O bem-estar da sucessão

O bem-estar da sucessão

O Globo – 7 de Julho de 2014.

Não se orienta pessoas que partem para expedição às montanhas no inverno a levar trajes de verão. Da mesma maneira, é ilusão não reconhecer a grande oportunidade que estádios de futebol oferecem para que os defeitos das pessoas se manifestem. Boca suja e língua solta não são privilégio de torcedor de futebol. Há governantes com repertório muito melhor. Com a volta do álcool ao jogo por submissão do governo à indiferença da Fifa com as tragédias que ele provoca, a combinação massa-euforia-depressão leva junto a educação.

Se ainda houvesse humor na política, diríamos que é bom ir a velório onde o morto parece o mais aliviado. Pois, em matéria de política, vivo mesmo é sempre o governo. Por isso, governante nenhum gosta de vaia. É como ler o próprio obituário em vida. Alguns já se destacaram por comer o tomate atirado em sua direção ali mesmo na frente do agressor. Ovos não sei se dá para fritá-los mesmo diante do incandescente ambiente doméstico que estamos vivenciando.

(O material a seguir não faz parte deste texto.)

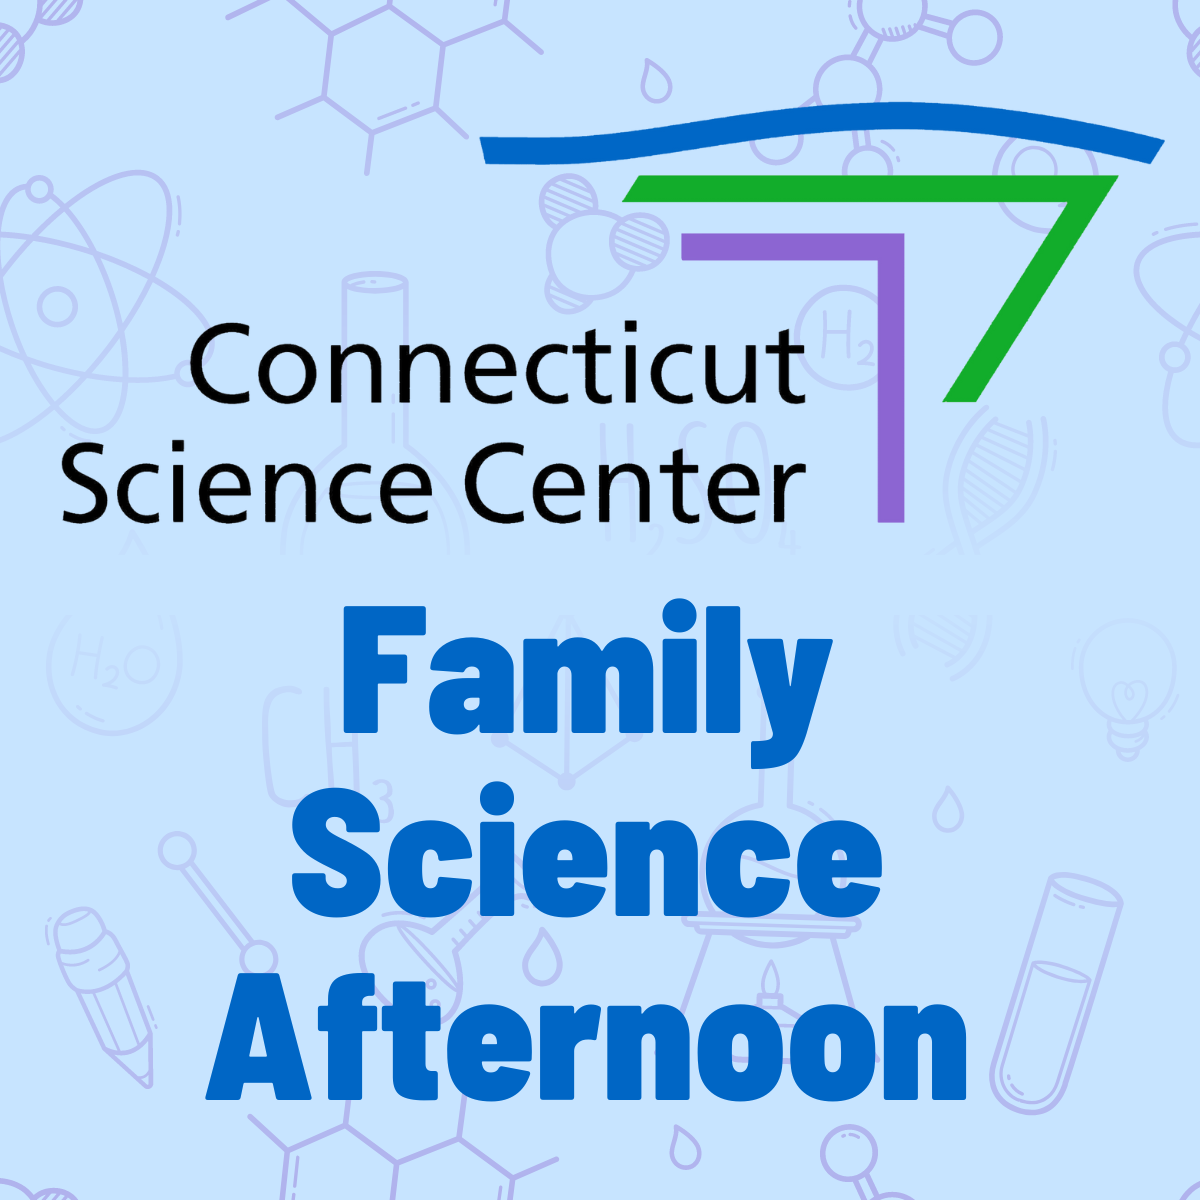 A light blue background with the logo of the CT Science Center (their name in a sans serif font and a pink, green, and blue abstract version of their building) with the text Family Science Afternoon
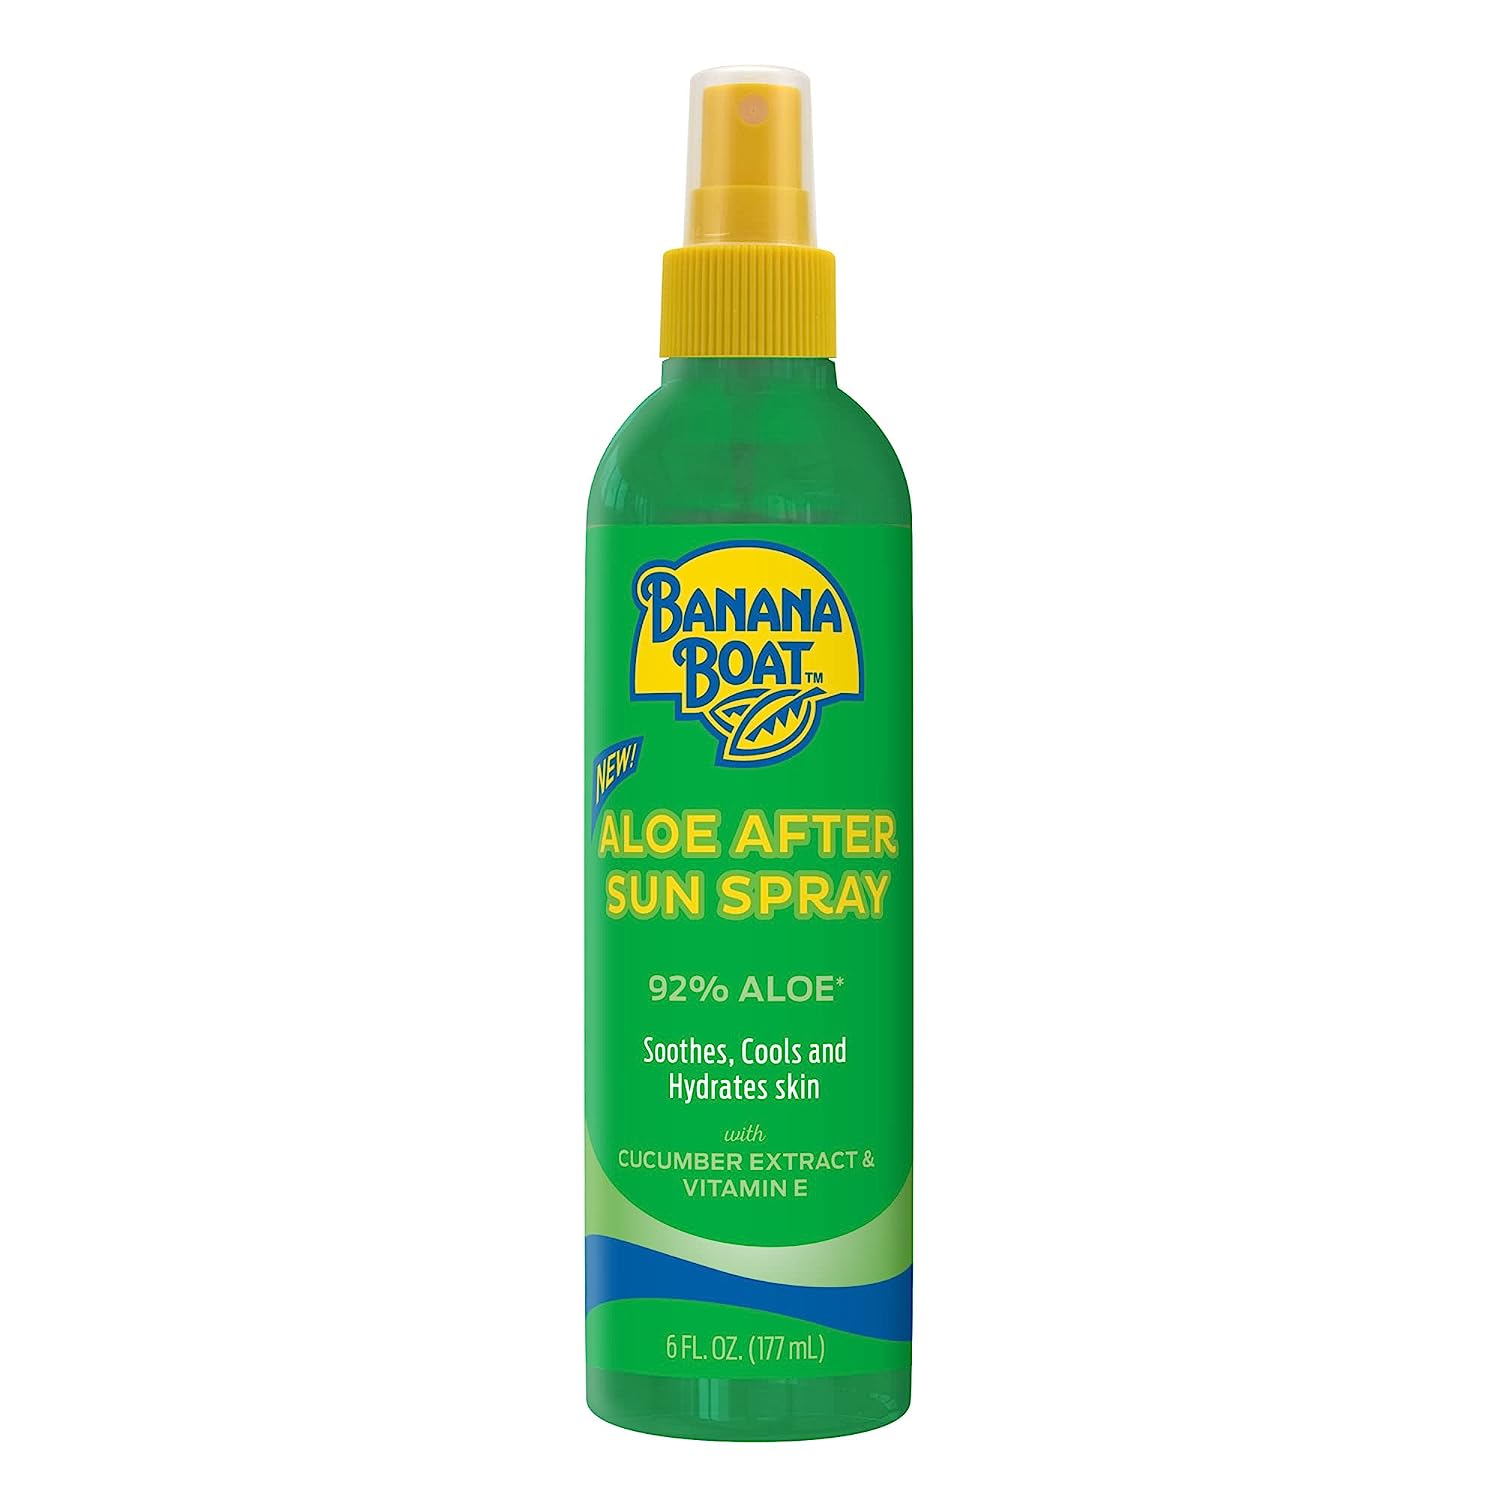 6-Oz Banana Boat Aloe After Sun Spray with Cucumber Extract & Vitamin E 2 for $6.60 ($3.29/ea) w/ S&S + Free S&H w/ Prime or $25+

Não é fácil entender a conduta humana misturada na política. Amar os inimigos é tão grandioso quanto amar seu próximo como a si mesmo. O poeta alemão Heinrich Heine, brincalhão, confessa: “Tenho a mais pacifica disposição. Meus desejos são: uma modesta cabana com teto de palha, uma boa cama, boa comida, leite e manteiga bem frescos, flores diante da janela, em frente à porta algumas belas árvores e, se o bom Deus quiser me tornar inteiramente feliz, me concederá a alegria de ver seis ou sete de meus inimigos serem enforcados nessas árvores. De coração tocado eu lhes perdoarei, em sua morte, todo o mal que na vida me fizeram — pois devemos perdoar nossos inimigos, mas não antes de serem executados”.

A sucessão caminhará melhor se ficar menos hipócrita. Os candidatos devem decidir não ver inimigos na realidade e parar com essa mania de botar luta de classes nas dificuldades de governar. Afinal, na Esplanada dos Ministérios e nos palácios estaduais habitam todas as elites, algumas já mortas, mas ressuscitadas por técnicas de coalizão e respiração público-privada. A base disso é que todo governo é no fundo conservador, preservacionista. Adora um clima passional para enquadrar como dissidente, inimigo e traidor todo crítico e competidor. São os próprios governos que criam sua armadilha e alimentam a oposição a eles quando insistem em buscar prazer no contraste, o confronto permanente.

A psicanálise sustenta que a agressividade se torna poderoso obstáculo à civilização se a defesa contra ela causar tanta infelicidade como a própria agressividade! O infortúnio atribuído aos “outros” é resultado da confusão da política — de direita e de esquerda — que considera o Estado mais importante do que a sociedade. O estatismo vira fácil uma forma de militarismo. A energia agressiva — o ódio — que a autoridade acredita ser só da sociedade vem também dessa política de prontidão permanente sobre a vida do cidadão.

A sucessão é o momento da sociedade, de testar o seu bem-estar.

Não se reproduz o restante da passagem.